Ideally, we would like to do something like:
; Glued and transposed input matrices
%input : tensor<16x16xf32>
; 16 slices
%slice_0 = extract %input[0] : tensor<16x16xf32> -> tensor<16xf32>
...
; 15 ops to reduce each slice
%max_0 = max %slice_0, %slice_1
%max_1 = max %max_0, %slice_2
...
%max_t = glue %max_0, %max_1 -> tensor<16x1xf32>
Which, in LLVM, would be as simple as:
; Transpose original input
%input: <16 x float>
%el_0 = extractelement %input[0]
%el_1 = extractelement %input[1]
%max_0 = max %el_0, %el_1
; Just 15 max operations required!
; ...
%max = max %max_n1 %max_n2
; Transpose output
Here we could perform the same reduction in just 15 operations. Now, why does this "matrix transpose" work? Where is even the matrix? How can we transpose it?
Let's step back for a moment. Conceptually, we have a 16x16
matrix here distributed as follows across the subgroup:
+--------------------+---------+
| sub_group_local_id | indices |
+--------------------+---------+
| 0 | 0-15 |
| 1 | 16-31 |
| 2 | 32-47 |
| ... | ... |
+--------------------+---------+
In this matrix, reducing across the second dimension is very expensive, as we need to perform subgroup reduction. Doing a matrix transpose:
+--------------------+---------------------+
| sub_group_local_id | indices |
+--------------------+---------------------+
| 0 | 0,16,...,i*16,... |
| 1 | 1,17,...,i*16+1,... |
| 2 | 2,18,...,i*16+2,... |
| ... | ... |
+--------------------+---------------------+
Now we can reduce over the first dimension utilizing the SIMD lanes as we saw above.
We've seen the matrix and how nice it is to transpose it. However, how can we do that? This is yet to be explored. I'll build a POC for this. Possible solutions include going through local memory (probably fastest) or shufflevector + sub_group_shuffle
to do everything in registers.
By transposing it has extra overhead.
The IGC supports to mix the SIMD and SIMT expression if there was limitation in SIMT expression (and No IGC specific intrinsic to express the computation clearly.
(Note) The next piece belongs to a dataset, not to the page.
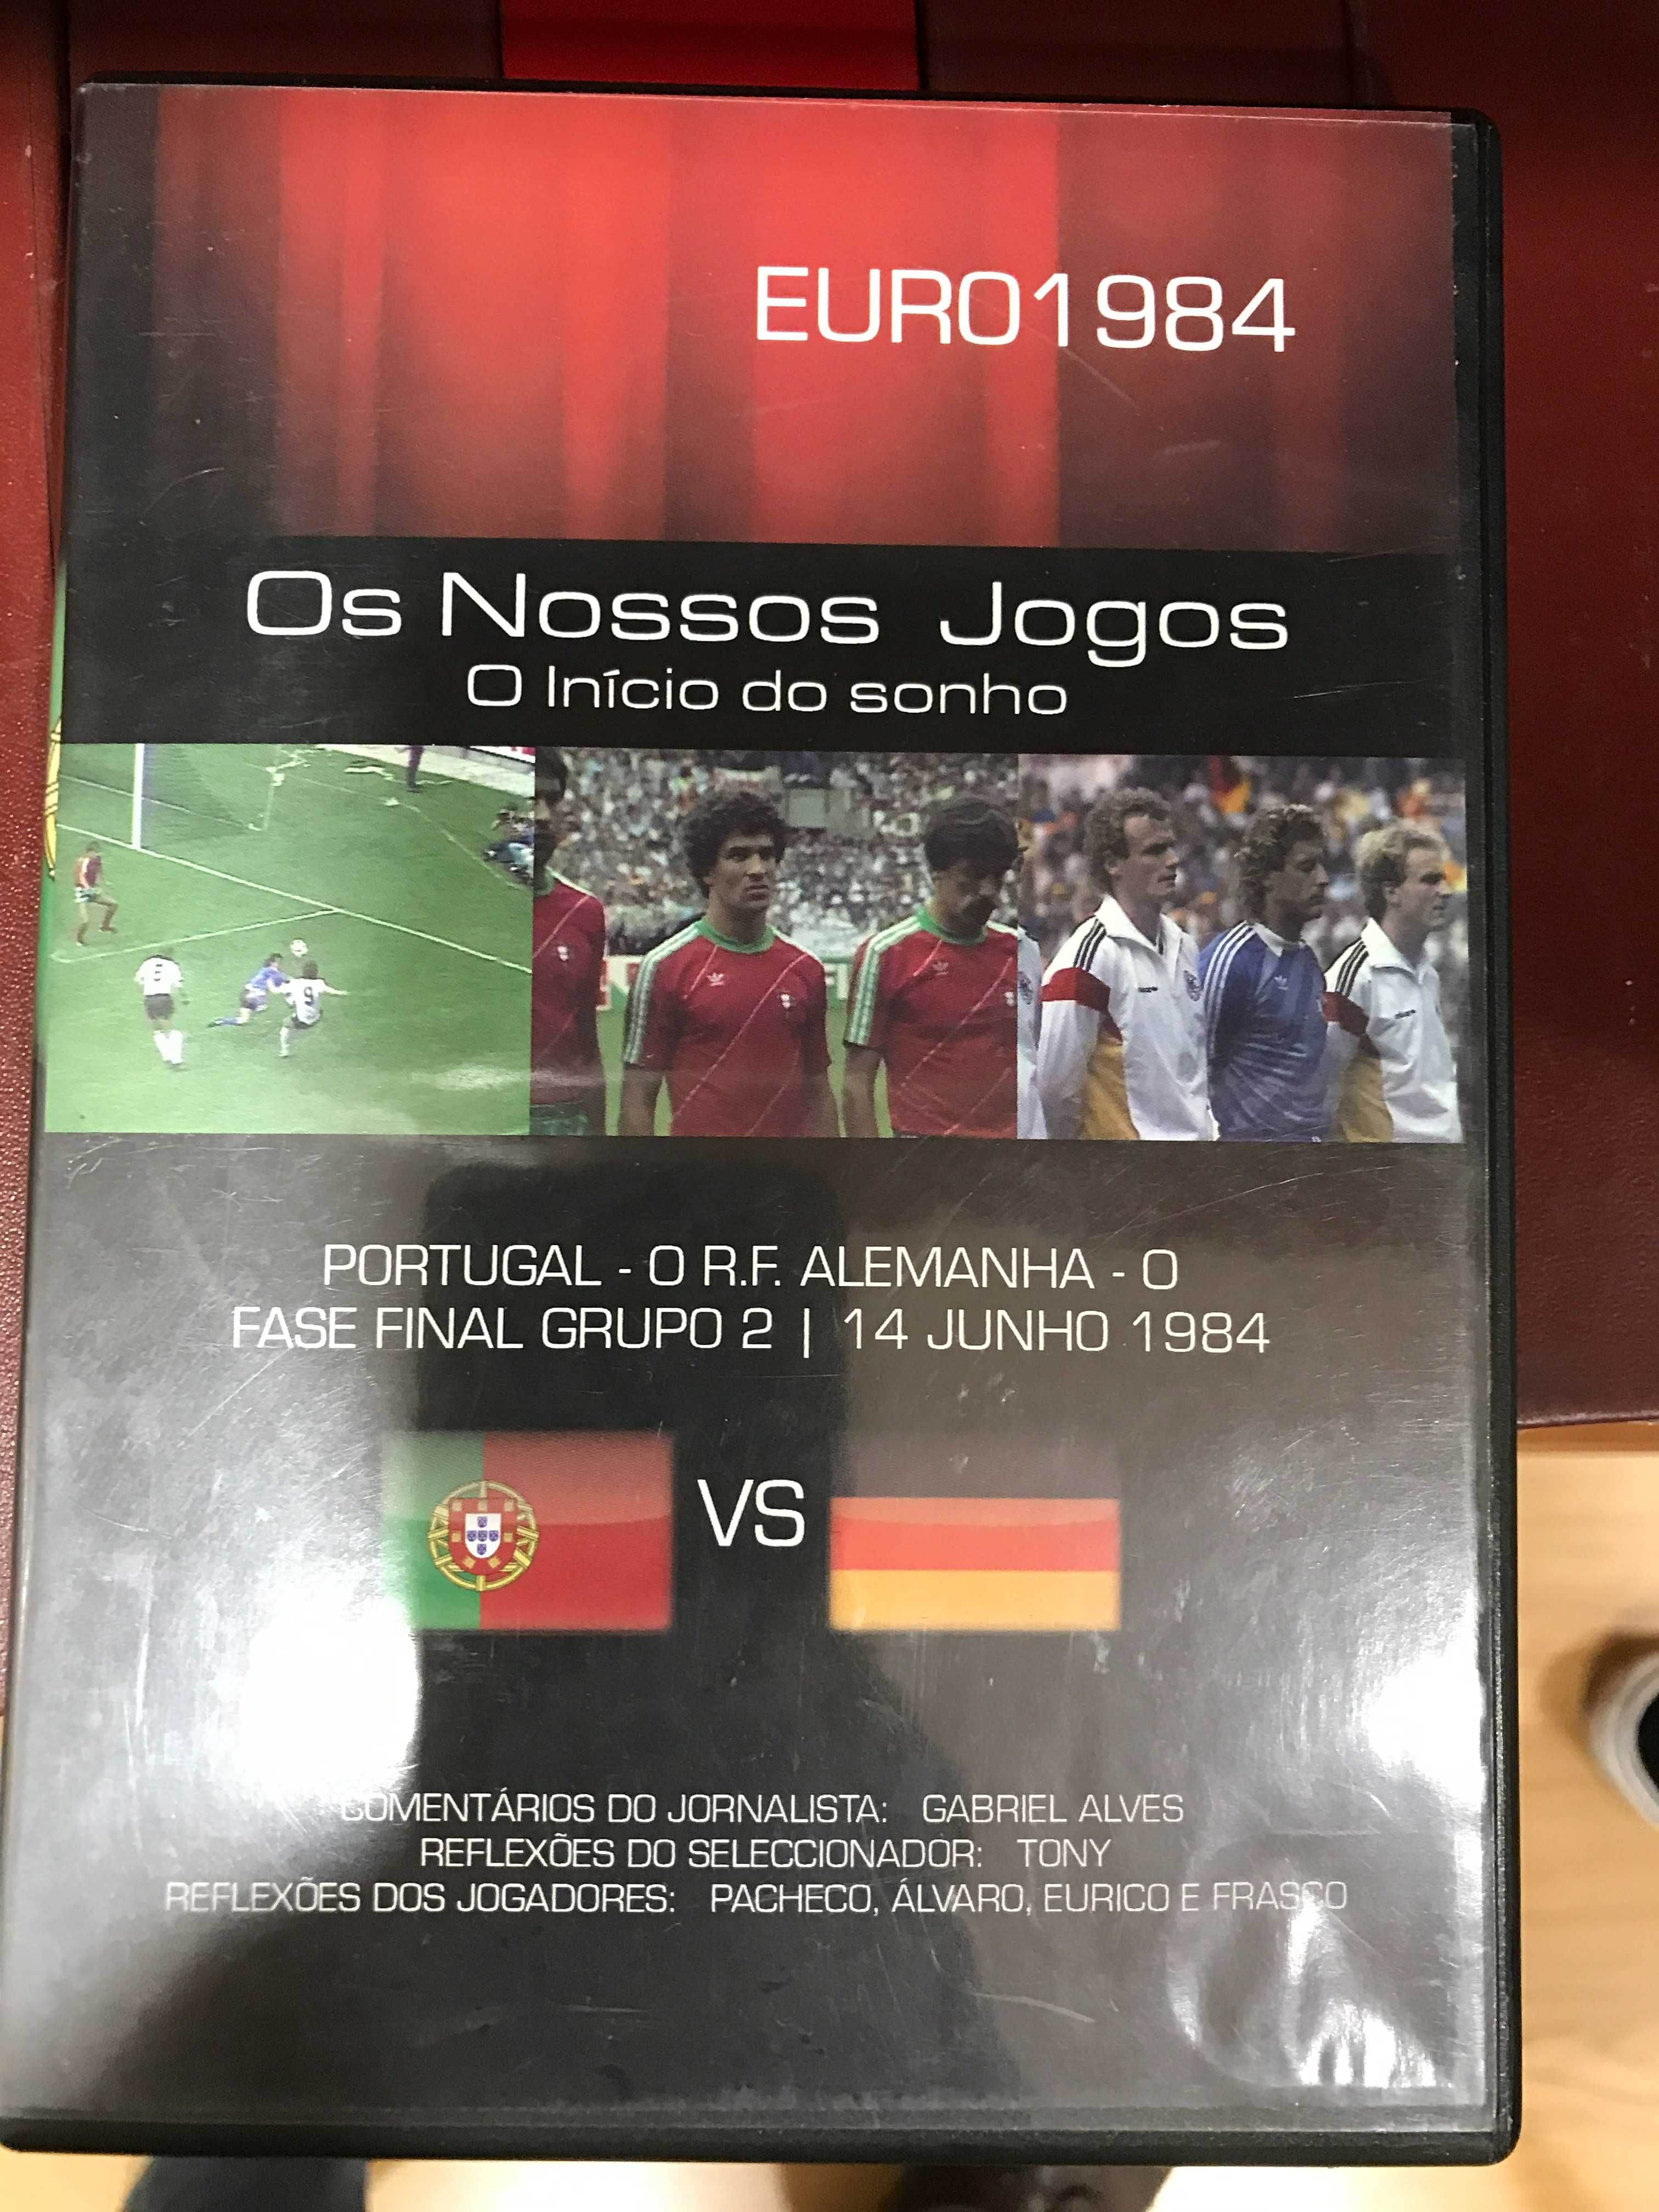 UEFA EURO 1984 - FRANÇA jogos Portugal
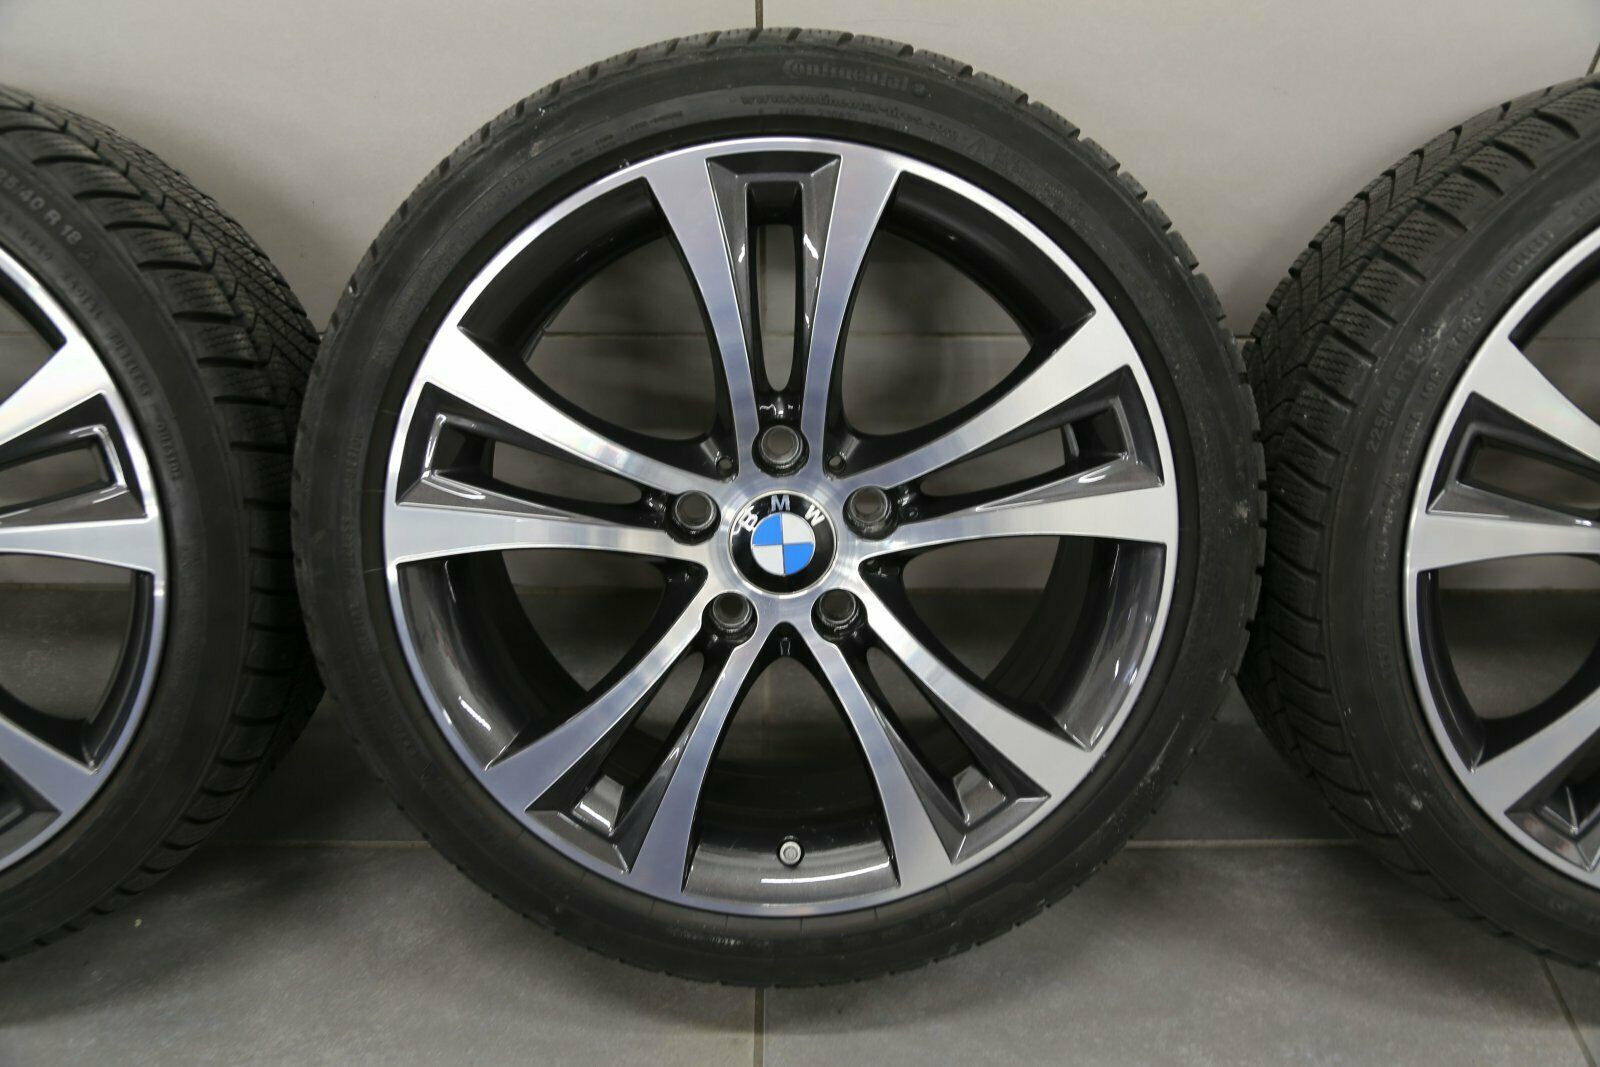 18-inch dubbelspaaks 384 winterwielen BMW 1 Serie F20 F21 2 Serie F22 F23 velgen 6796210

E.G: WaveAll take the vector type as the input.).
The invoke SIMD and inline VISA can help to generate micro operation with the SIMD extension.
And in this case, I think the invoke SIMD is more suitable.
And the SIMD 2D extension allows us to defines the strides of the operands of the SIMD binary operation. It can allow us to use the best parallelism of the SIMD.
https://github.com/intel/vc-intrinsics/blob/master/GenXIntrinsics/docs/GenXLangRef.rst#2d-region
The GENX intrinsics may be a nice option. However, our kernels model work-item behavior as of now, not EU behavior, so this would mean changing pretty much all we have as of now, right? I'd rather go with the local memory approach for now, get some numbers and see if that improves performance.
Yes, make sense. Let's check out what we can get with pure SIMT paradigm.
Prototype with SLM transpose taking shape. Overall structure finalized, missing last bits of lowering.
Pushed prototype. Shaping into what we want.
Couldn't work on POC much this week. DPAS output input to reduction has expected size now to exploit matrix transpose approach
Lots of progress in POC. Hitting one workaround (hopefully last one). Will try to work around it.
PoC ready to review. Will push latest perf report. Minor fixes to be pushed.
PR with latest needed code in llvm-target
ready for review and with one approval (#2109 ). Feature will be available behind an environment variable.
Looking into our FlashAttention-2 benchmark, we see that reduction codegen for XeTLA is better than Triton.
Investigate reasons and whether the kernel code or any pass in our pipeline has to be tuned.